Detection of competitor and endogenous TSC2 fragments
Following restriction digestion, the competitor and target (embryonic) radiolabelled fragments were separated by 10% polyacrylamide gel electrophoresis. Gels were dried for 90 min at 80°C and directly exposed to general-purpose storage phosphor screen (Molecular Dynamics–Amersham Pharmacia Biotech). Products were visualized using the Typhoon 8600 variable mode phosphoimager.

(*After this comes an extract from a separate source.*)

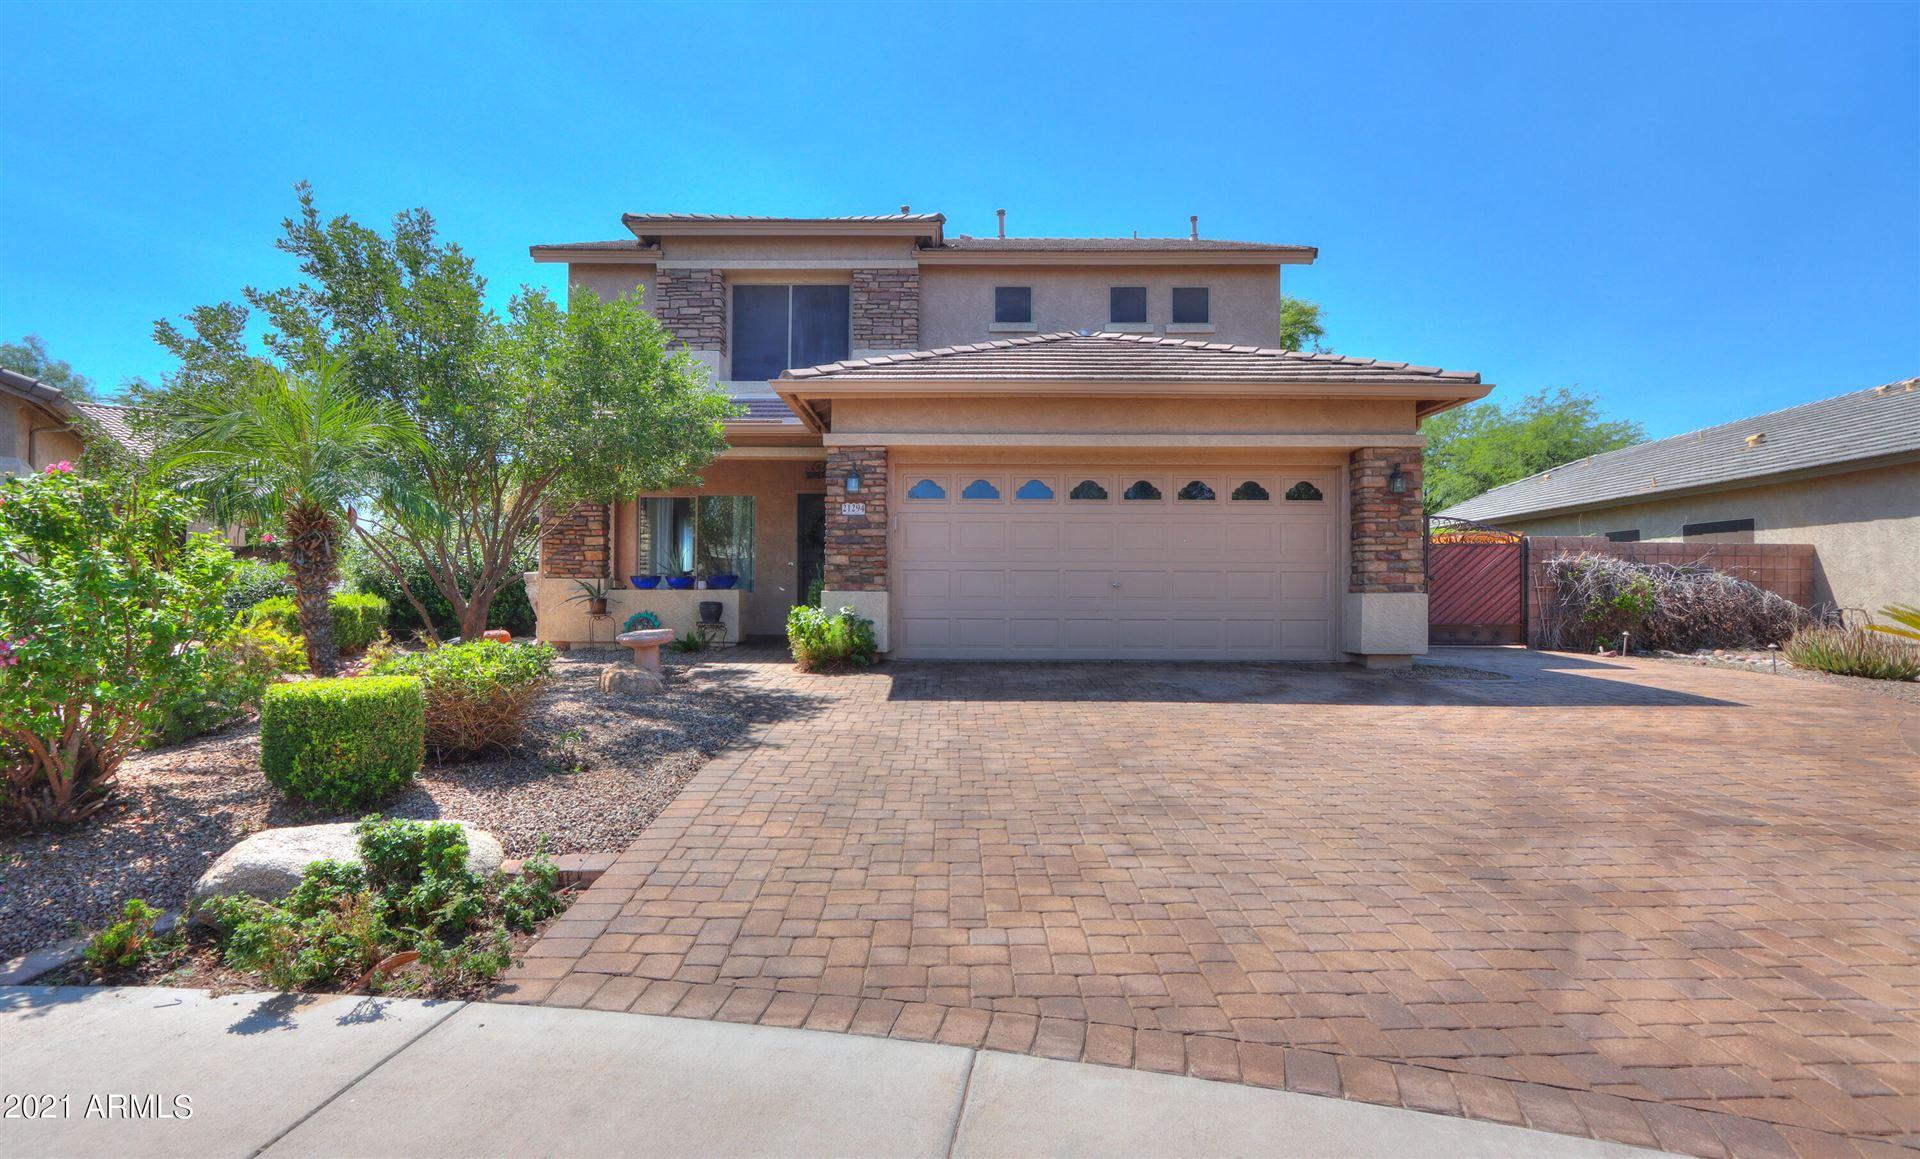 Photo of 21294 N SUNSET Drive, Maricopa, AZ 85139 (MLS # 6296466)

Quantitative data analysis
Following application of radioactive PCR and subsequent phosphoimager analysis, quantitative data were obtained using the Image Quant software. Multiple readings from each phosphor screen were generated during the short exposure times in order to ensure that quantification was always calculated prior to saturation of the screens. Levels of TSC2 cDNA can be calculated by relating the quantification volume of the embryonic/oocyte band with the competitor band. Results are expressed as a percentage of the competitor cDNA. Since the competitor template is co-amplified with the embryonic cDNA and its initial amount added to the PCR is known (10.4 fg), as stated in Figure 3, we can use this to calculate the amount of TSC2 cDNA for each different sample studied. The amount of 10.4 fg is equivalent to 47 218 molecules of competitor cDNA.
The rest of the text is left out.